OK, so this metaphor might be a reach … I am not even sure where I am going to go with it, but it just popped into my head, and I am going to see if it turns into anything.
As I am scrolling my posts from this month, my first year participating in the SOL (hence the spare blog, no fancy sidebars, a couple of template pages sitting in my drafts, and a blog name that I don’t really like and intend to change when I stumble across the right phrase), I can hear my son, my oldest, in the kitchen: the clinking of metal spoon in ceramic bowl, the squeak of the hinge on the pantry door, the rustling of cellophane, the cascading cereal falling from box to bowl, the the suck and whomp of the refrigerator door opening and closing, the splash of milk, and then, the devouring. Bo ends his days the same way he begins them: a ritual of cereal to sate, temporarily, his incessant hunger. While he eats, he listens to a podcast or he reads. He is a growing, thinking, always-moving, calorie-burning machine. This little snack, always the same (and, therefore, skipped if we are out of cereal or milk), bookends his days.
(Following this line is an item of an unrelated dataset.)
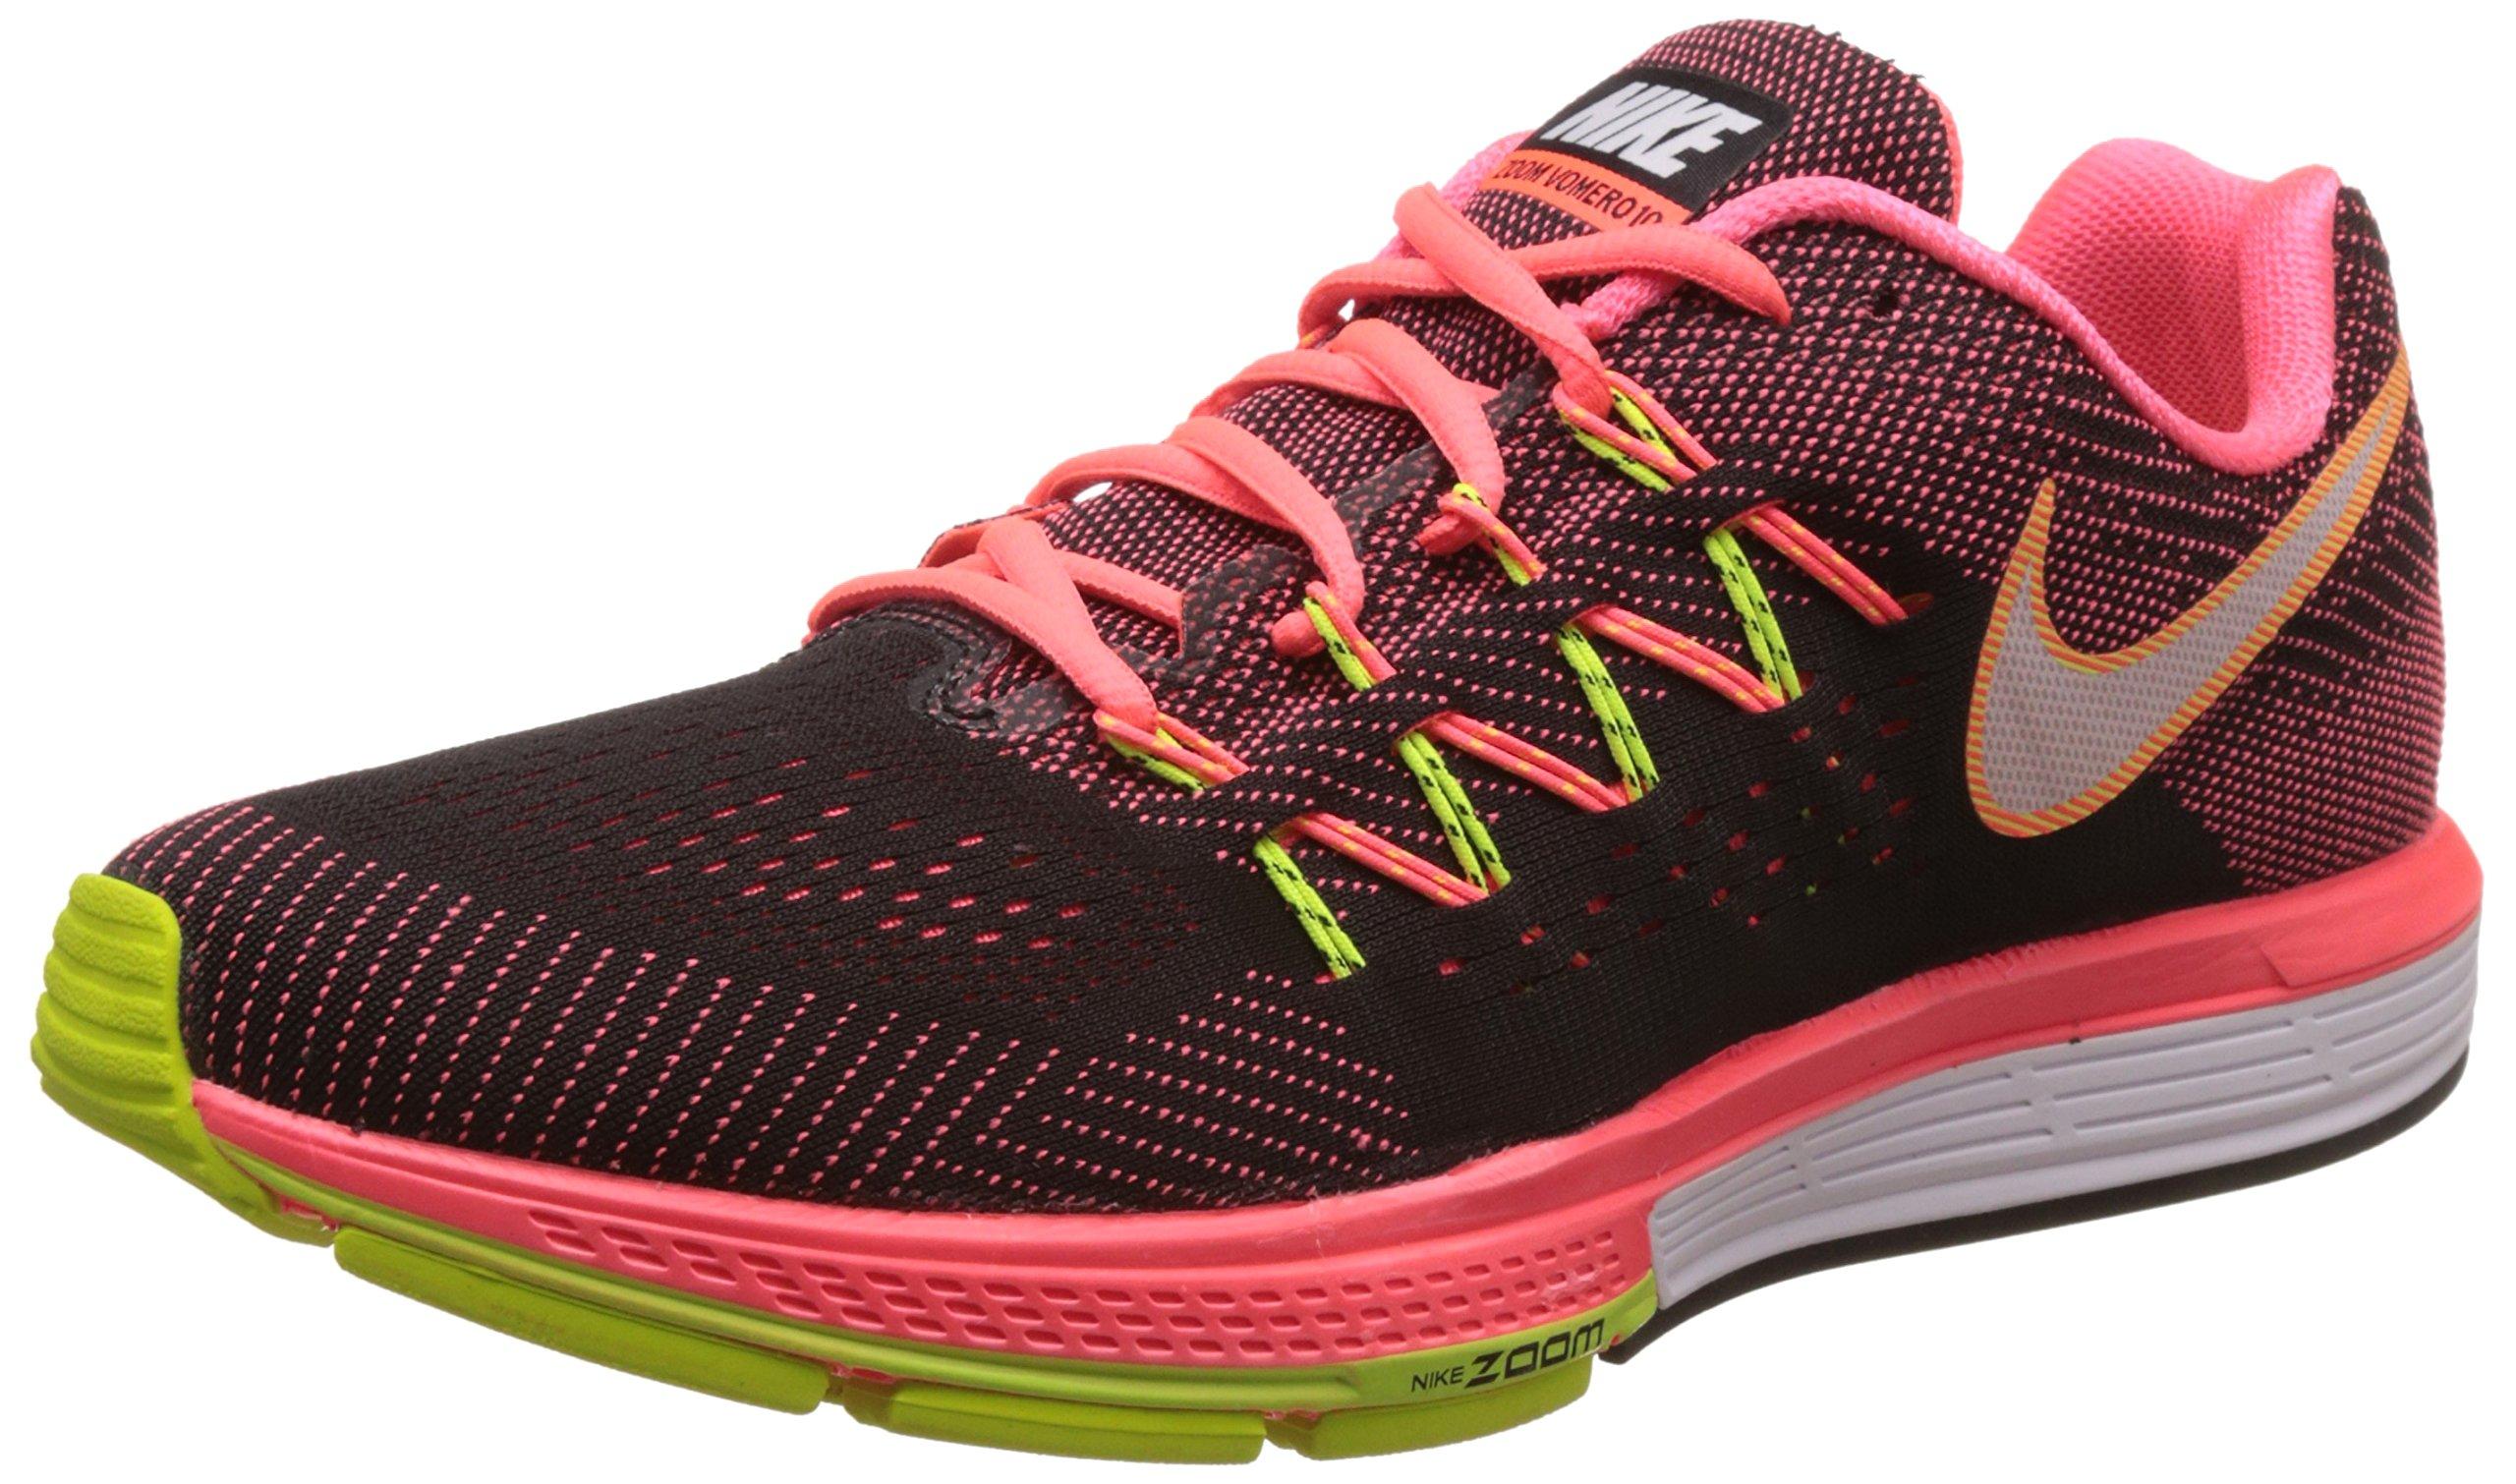 Nike Men's Air Zoom Vomero 10, HOT LAVA/WHITE-BLACK-VOLT, 9 M US

OK, so I am not going to torture any kind of metaphor from his habits, but I can relate writing to a few elements. Since beginning the Slice of Life Challenge, I have, for the most part bookended my days with reading and writing. And that has been glorious. I have created space by cutting away things that didn’t need as much attention (TV) or that felt out of balance to begin with (too much work). I am realizing that there is time in the day if I choose to structure my days differently. And it feels so worthwhile to do for something that gives me so much, that shifts my perspective, that nurtures my love of words and encourages me to try to do something different with them. Two, I like the ritual. I like making myself a schedule (I need deadlines imposed, order created–something to keep me in line and on track). I like lumping my thoughts all together in a Google Doc and then pasting them into this blog. I like linking up with other writers in this community, reading one another’s posts, commenting, sharing, connecting with strangers about personal, universal experiences. Three, I am trying to sate an incessant hunger for words, those written by others, from whom I am forever learning about the what and why and how of the world and of writing, and an incessant desire to write my own thoughts and experiences into being and to truly see myself as a writer.
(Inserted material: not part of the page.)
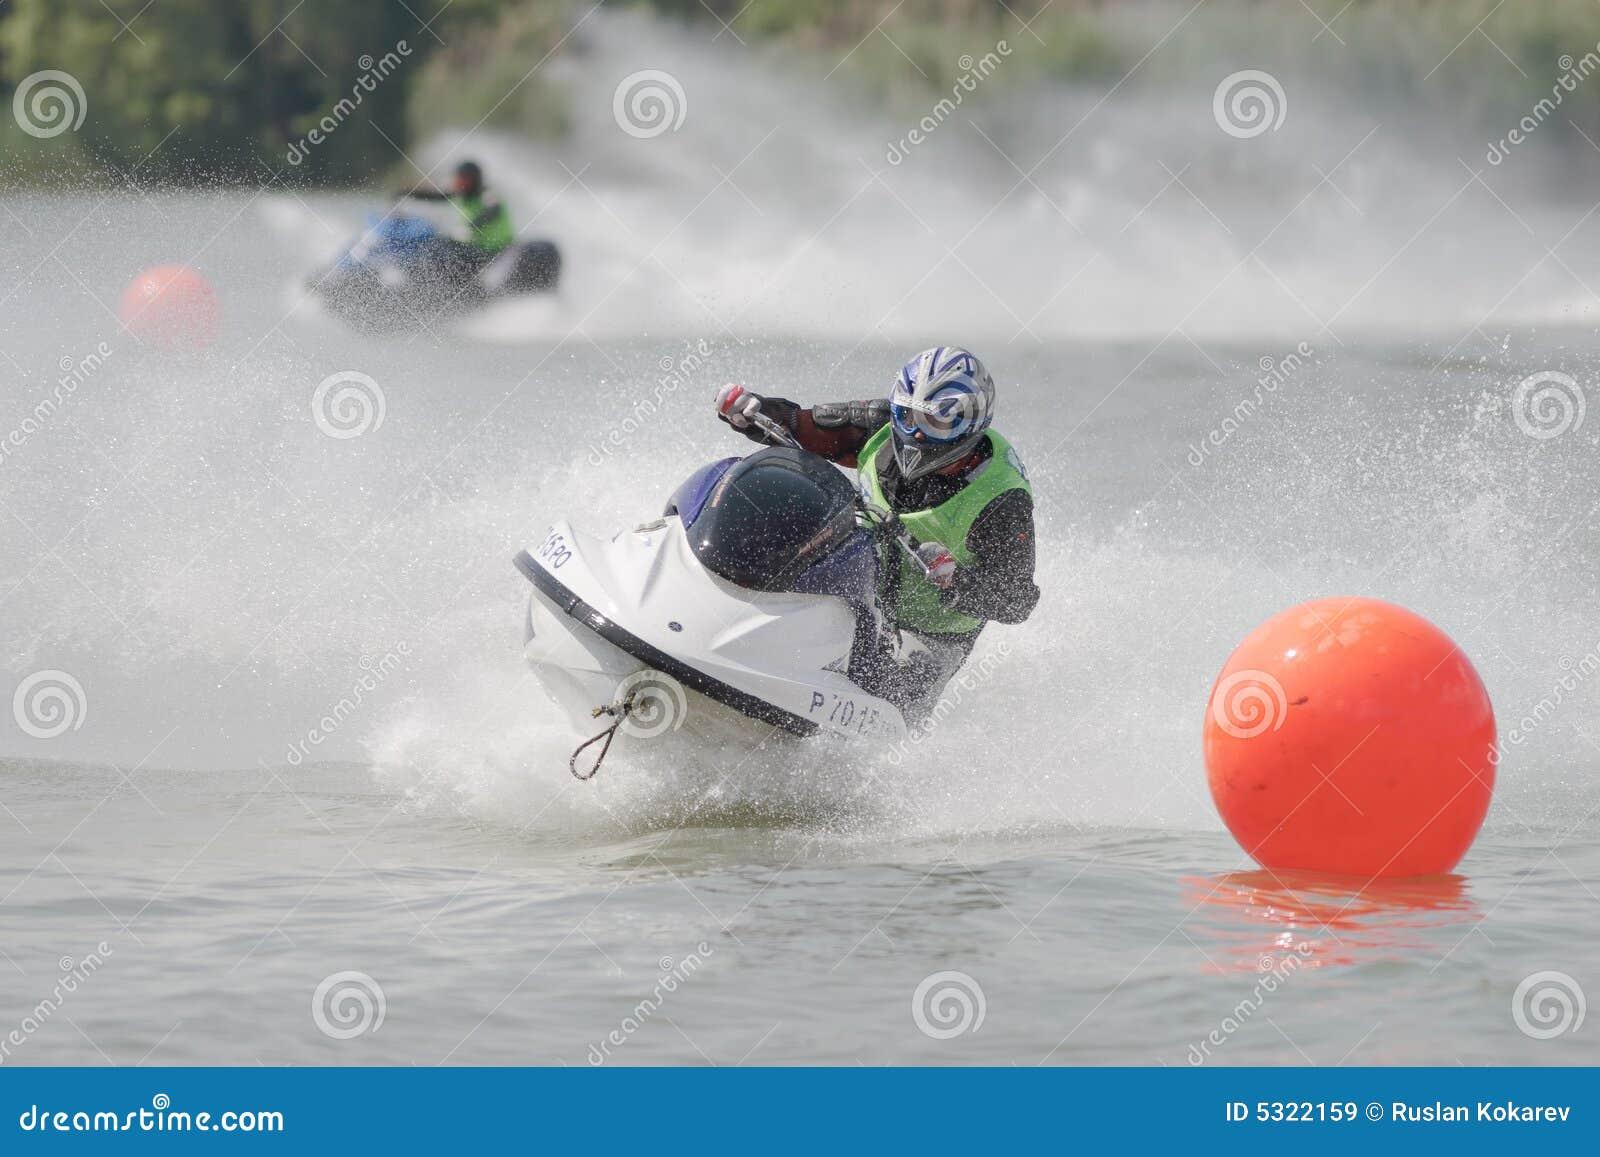 Download Campionato di Aquabike. immagine stock editoriale. Immagine di campionato - 5322159

I have learned a lot about myself in the last month. I have surprised myself. I wasn’t sure I would be able to do it; in the end I missed two days: technical difficulties—user error, to be sure—and vaccine blahs, which I could have written through, and just didn’t. I think a small part of my trying-not-to-be-a-perfectionist self actually wanted to slip a little, and then let myself off the hook and keep going, to prove to myself that I am not all or nothing, that I can make mistakes, and all will still be right in the world. I have learned that I can write a coherent piece, beginning to end, without the aforementioned-perfectionist self getting too bent out of shape. Write, reread, catch most of the errors and inconsistencies, publish, move on. It already takes so much time to read and write every day. I don’t have time to worry too much about polish given the constraints. Plus, I don’t think that polish is the point. I think it’s about process. In rereading some of my posts, some of which I only vaguely remembered, all of which feel so long ago—even those written just last week—I realize that my life is as full as I feel it is, and often incredibly rich. Though I sometimes feel I am moving through these days, one after the next, same old, same old, I notice from my reflections that there is a lot more variation, a lot more detail worth my attention, and it is because of writing that I can see this, capture a fraction of it, and gain a different perspective on my life.
The list goes on, but time is up. Suffice it to say: I am so glad to have been part of this writing community, I hope to maintain this daily writing, and I will definitely maintain the weekly Slice of Life Tuesday challenge. I am changed for the better from this experience.
(Also, the cereal is random, but there you go: some things work out, some things don’t. Still, I like to reflect on my sweet son anyway.)